Un braccio caldo e confortevole mi carezza la schiena, e la voce di mia madre mi solletica l’orecchio. Dice di stare tranquillo, che andrà tutto bene, che me lo promette. Vuole che la guardi negli occhi, è Sara, mi basta il riverbero della luce sulle mie palle, per riconoscerla. Le credo perché ha la voce di mia madre. E le cose vanno meglio e anche se ho paura, fingere si può, e facciamo finta che tutto andrà bene perché il mondo è bello, e non capitano mai le cose che si sentono al telegiornale. Sono storie montate, quelle, falsi costruiti ad arte, pura finzione. Facciamo finta che sono un eroe, allora, che avanzo nel buio come un soldato e riesco a fare fuori questo stronzo con un colpo di Judo, facciamo finta che lui chieda pietà e io non gliela conceda, facciamo finta che sia sicuro di me e per niente spaventato, che sia sudore quello che mi imperla le cosce e i polpacci e mi sfrigola tra le dita dei piedi. Ma sì… facciamo finta! mi dico, e parto come un robot contro la luce accecante. Chiunque ci sia dall’altra parte non la prende bene. Urla, mi dice di fermarmi ma non posso, sono nudo, puzzo di urina e ho i tremori, la gola chiusa, un incendio nel naso e la sensazione che sverrò da un momento all’altro. Ed è per questo che non posso. Il semplice fatto di sapere che sto per svenire, me lo impedisce, così so che non accadrà, che non sverrò, non cadrò, non morirò perché ho toccato il fondo, ragazzi, e ora sono invincibile. È così che mi sento. Se non mi ha ammazzato la vergogna, e non l’hanno fatto l’umiliazione e la paura, se non l’ha fatto questo stronzo psicopatico, allora non può farlo nessuno. È questa semplice consapevolezza a spingermi oltre la luce. Le mie mani trovano subito la sua e stringono. La torcia cade e si spegne nello schianto. Mi sa che gli spezzo il polso. Provo un piacere sotterraneo nel sentire la sua voce che guizza in acuti diversi a secondo del tipo di tortura che infliggo alla sua articolazione in frantumi. È come suonare uno strumento nuovo ancora da accordare. Faccio un altro passo avanti nel buio più totale e senza accorgermene gli pesto un piede. È nudo anche lui e sudato, tanto che quasi gli scivolo addosso ma è lui a cadere all’indietro. Le sue chiappe flaccide contro i mattoni dell’androne e l’eco puntuale producono un applauso. Ha sbattuto l’osso sacro, il poveruomo, e se ne lamenta. Solo ora sento odore di vino, il signore è ubriaco.

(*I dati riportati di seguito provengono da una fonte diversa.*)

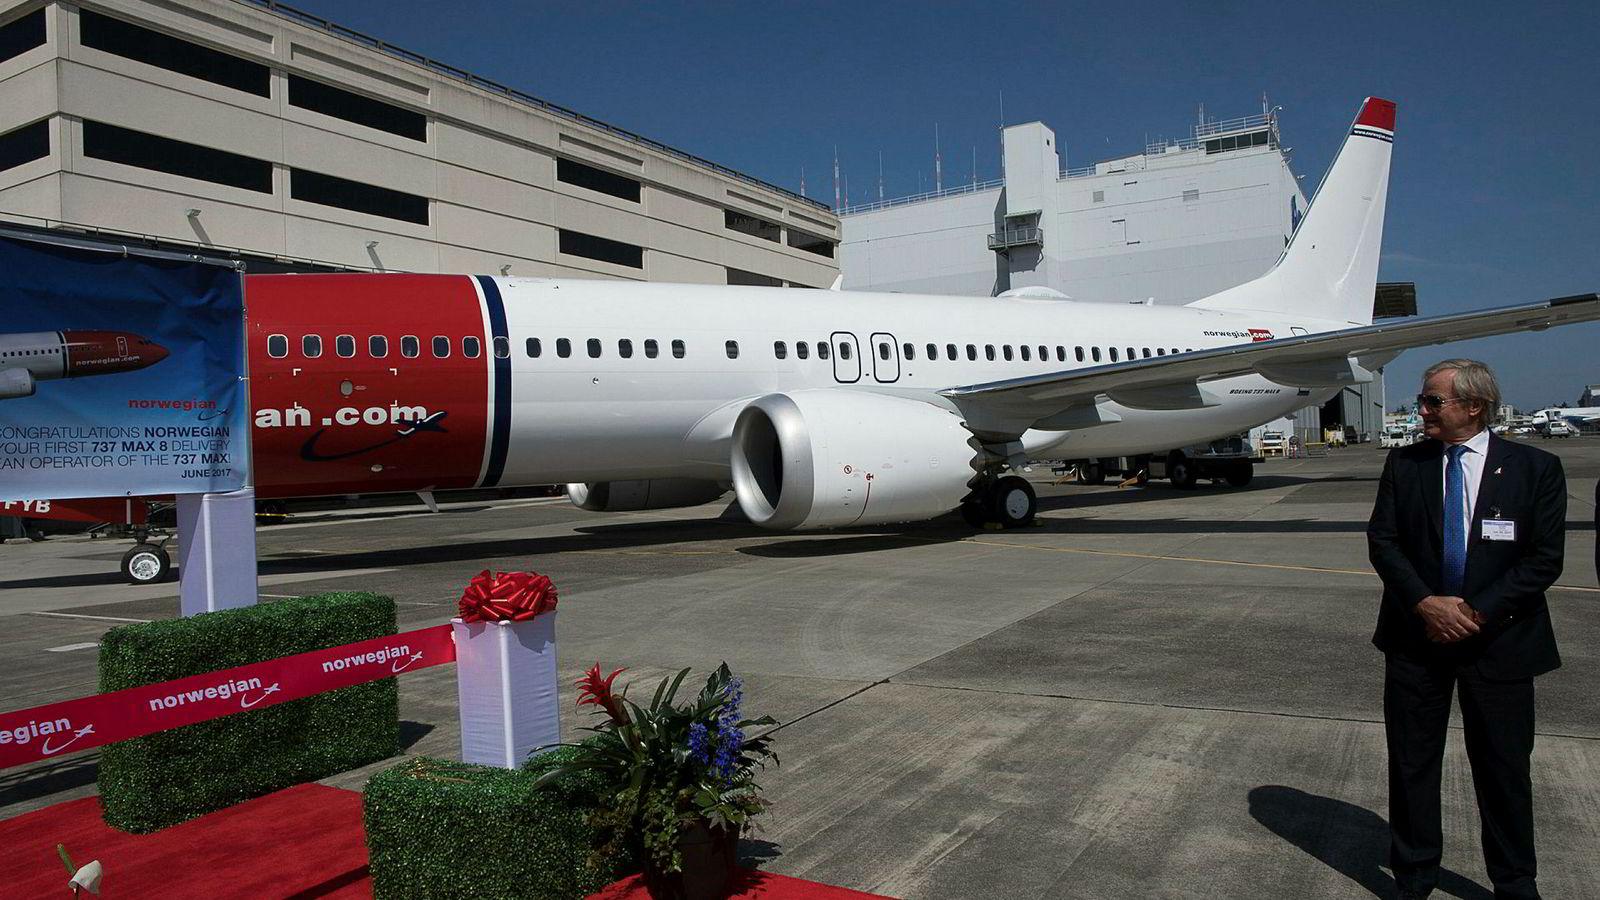 Konsernsjef Bjørn Kjos har sagt at Norwegian skal være lønnsom i år. Her fra da han hentet Norwegians første 737 Max på Boeing Delivery Center i Seattle i juni 2017.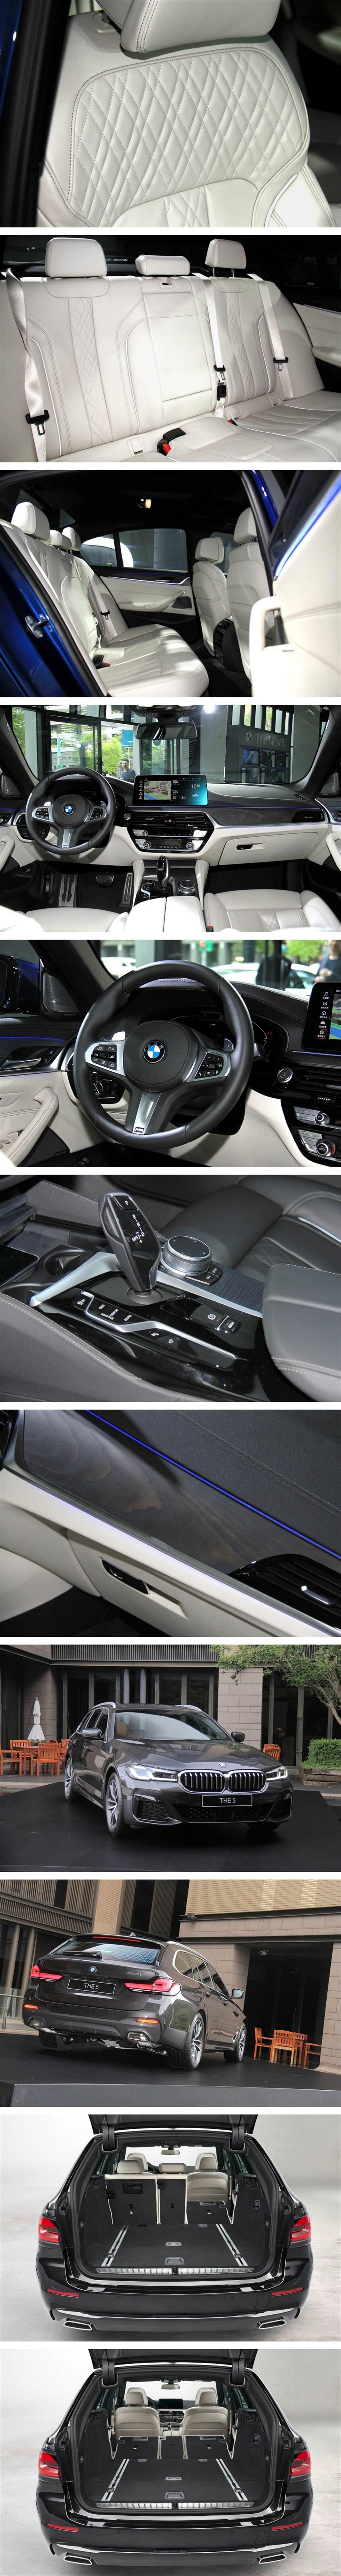 Touring車型也同步引進,初期先供應520i M Sport規格,首發版也同樣贈送抬頭顯示器、智慧LED頭燈與遠光燈輔助配備。另外也有提供V8動力530hp/750Nm的M550i xDrive,價格為468萬,而首發版特別贈送智慧型雷射頭燈。無論是近燈或遠燈都有更強大的照明度,當時速超過60km/h時,會增強無眩光的遠光燈,並順著行進道路的狀況自適應智能遮罩控制。最遠照射距離可達650米,幾乎是新5系列所標配大燈的兩倍。

Vi prego… amici della notte vi darò quello che volete”, biascica, “ma lasciatemi andare, non chiamate la polizia io non v’ho fatto niente…”

Sara vomita. Le chiedo se va tutto bene. Mi risponde con un no tremolante e gli si lancia contro e in un attimo gli è sopra e lo riempie di pugni e calci e strepiti ma è tutto troppo confuso e scuro. Raccolgo i nostri vestiti e mi preparo ad uscire come fossimo stati da amici e percepisco l’aria di fuori e sento le urla della festa sopra le grida del nostro amico.

Quando Sara mi raggiunge sulla soglia, luccica come la madreperla e i suoi altezzosi capezzoli mi provocano con successo.

Esco da quel portone con un curioso pensiero per la testa. “Non l’ho visto in faccia…”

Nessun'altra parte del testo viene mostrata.